The strange thing was, I quickly learnt to like it. It did actually grow on me, if you’ll excuse the pun. It was very low maintenance, very cool when the summer came along, and it saved me a small fortune in shampoo and conditioner.

And the whole point of recounting that story is because that is exactly the hair-cut I wanted again when I arrived in Cyprus.

So like I said, I went to a barber’s and I waited my turn. The proprietor was a Cypriot in his late fifties. I hoped he spoke English, which was affirmed when I heard him talking to someone else; so at least it wasn’t going to be a problem explaining what I wanted. It was soon my turn and he motioned for me to sit in the chair while he accepted remuneration from the previous client. I saw five pounds change hands. So that was ok. It wasn’t going to be expensive.

I don’t know about you, but my own experience of hairdressers is that they usually like to get some sort of clear indication as to exactly what is expected of them before proceeding to ply their trade on their unsuspecting victim. This very often comes in the simple, yet surprisingly succinct form of “How would you like it cut?

Not in Cyprus apparently! He just picked up his scissors and began snip-snip-snipping away!

This should be interesting‘, I thought.

I waited for him to say something, but nothing was forthcoming. Not a word passed his lips during the entire operation. Not even the time-honoured, “And where are you going on holiday this year?“. Although maybe that’s not a question that a white-as-a-sheet foreigner often gets asked on a Mediterranean island!

I was going to interrupt his silence, but curiosity got the better of me. What was I going to end up with? A Mohican? A Mullet? The word ‘Moron’ shaved into the back of my head? So I let him get on with it and waited to see what the outcome would be. At least he didn’t keep standing back and going “Hmmm!

It didn’t take him long. Unlike my previous assailant, I think he’d done it before! And lo and behold, I’d got exactly what I went in there for! It looked exactly as it had done eighteen months previously. I couldn’t believe it! How did he know? For all he knew, I might have just wanted a very light trim! I was impressed.

And then he spoke for the first time. “Six pounds!“.

Golly gosh‘, I thought (or words to that effect), ‘inflation’s running high in Cyprus‘. But I paid what I assumed to be the obligatory 20%, white-as-a-sheet-tourist tax, and wondered once again how he knew I wouldn’t complain. (I’d only been here two days  –  didn’t want to get locked up for GBH just yet)

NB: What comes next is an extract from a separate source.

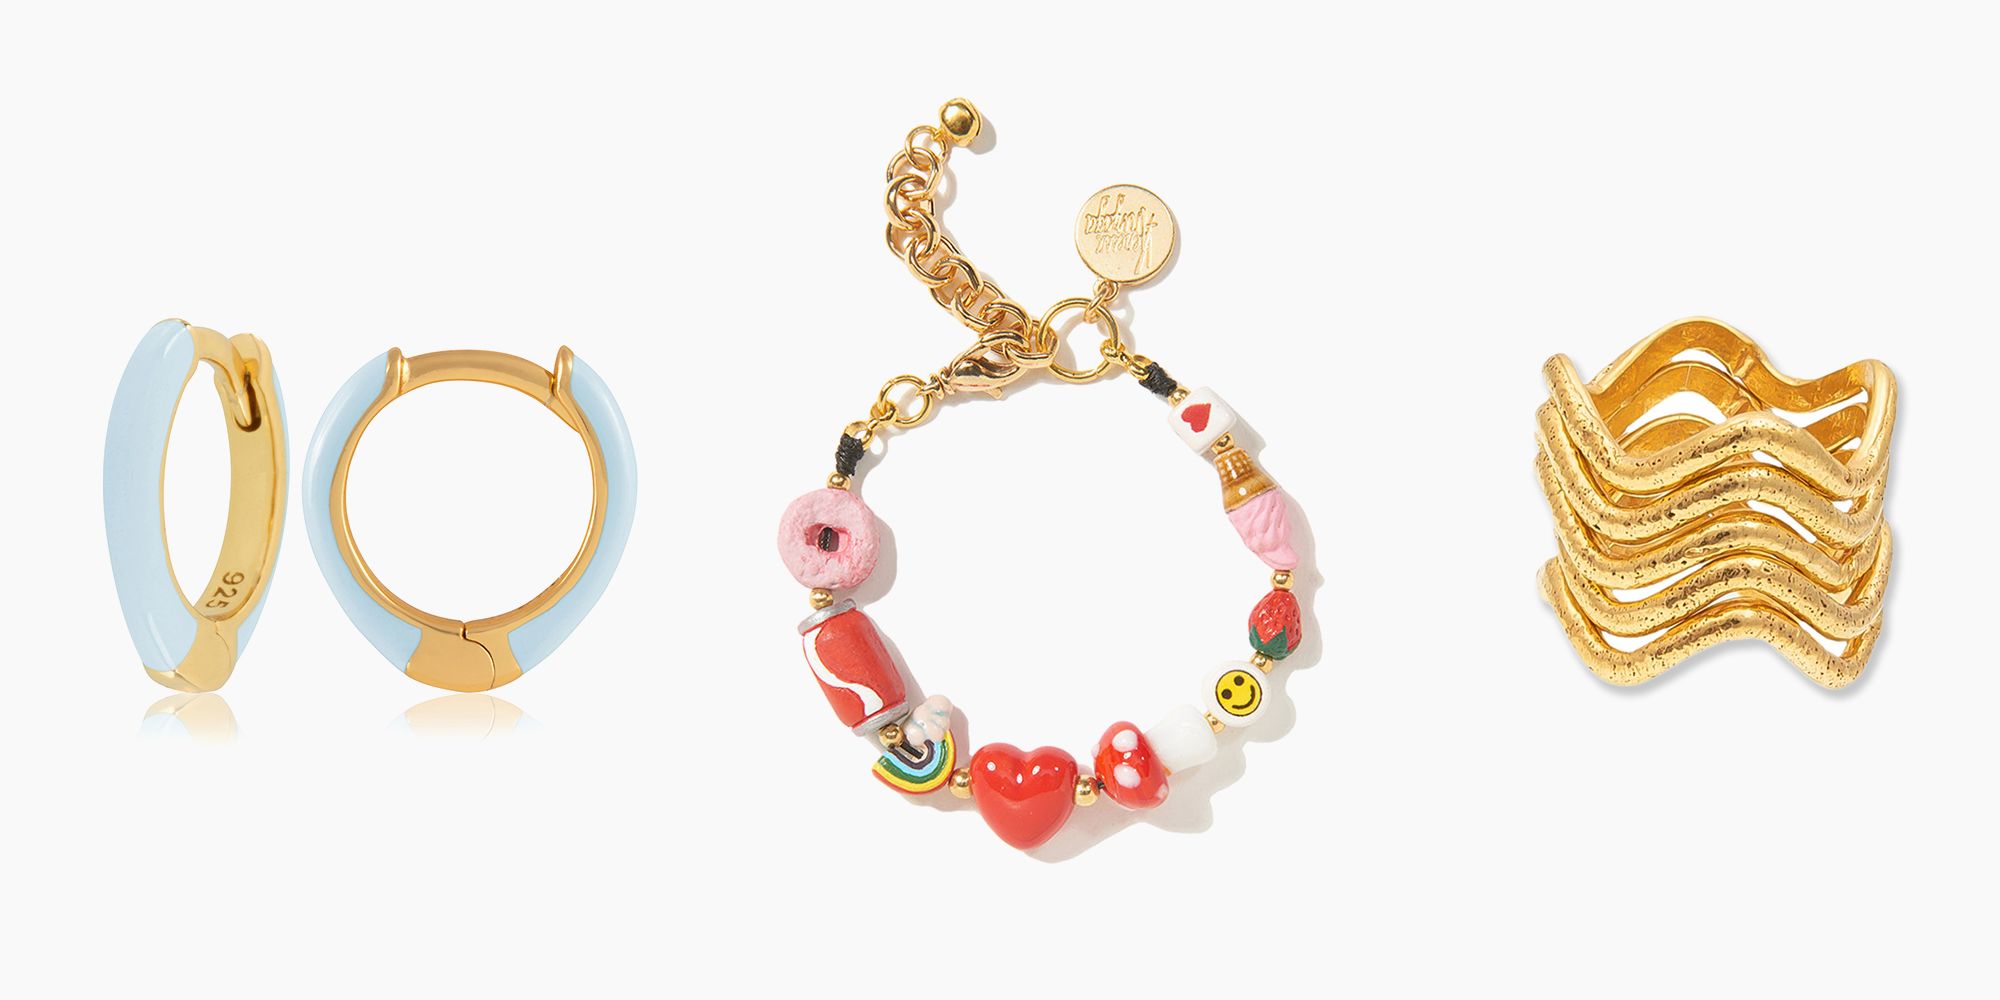 The 20 Jewelry Finds Amazon Shoppers Can't Get Enough Of

Anyway, five months on and it needs doing again, especially now that it’s about to get a lot warmer here. So I’m probably about to repeat the experience and see what happens. I’m still as white as a sheet though! What little sun tan I picked up in October has long since faded away.

A word of warning though if you’re thinking of having a go at Barbershop Roulette. It’s only fun if you’re not in the slightest bit vain and really don’t care one iota what comes off the end of the production line. I was lucky!


– – – – – – – – – – – – – – – – – – – – – – – – – – – – – – – – – – – – – – – – – – – – – – – – – –

When I read through what I’d written, I noticed that I’d used the expression ‘not one iota’, meaning ‘not even just a tiny amount’, and wondered what its origin was. How had the 9th letter of the Greek alphabet come to be used in this way?

Wikipedia, to whom I often turn in times of knowledge crisis, had the answer:

The phrase derives from the introduction to the Antithesis of the Law in the Gospel of Matthew (a jot or a tittle), and became common in the theological debate which arose around the time of the Council of Nicea, regarding the nature of the Holy Trinity. The argument centred on which of two alternative Greek words, differing only in a single ‘iota’ letter, should be used in describing Jesus’s relationship to the Holy Trinity. One word, ‘homoousios’, would mean that Jesus was of the same substance as God the Father, and the other ‘homoiousios’, would mean that Jesus was of similar substance.

So now you know! And I bet you don’t care one iota.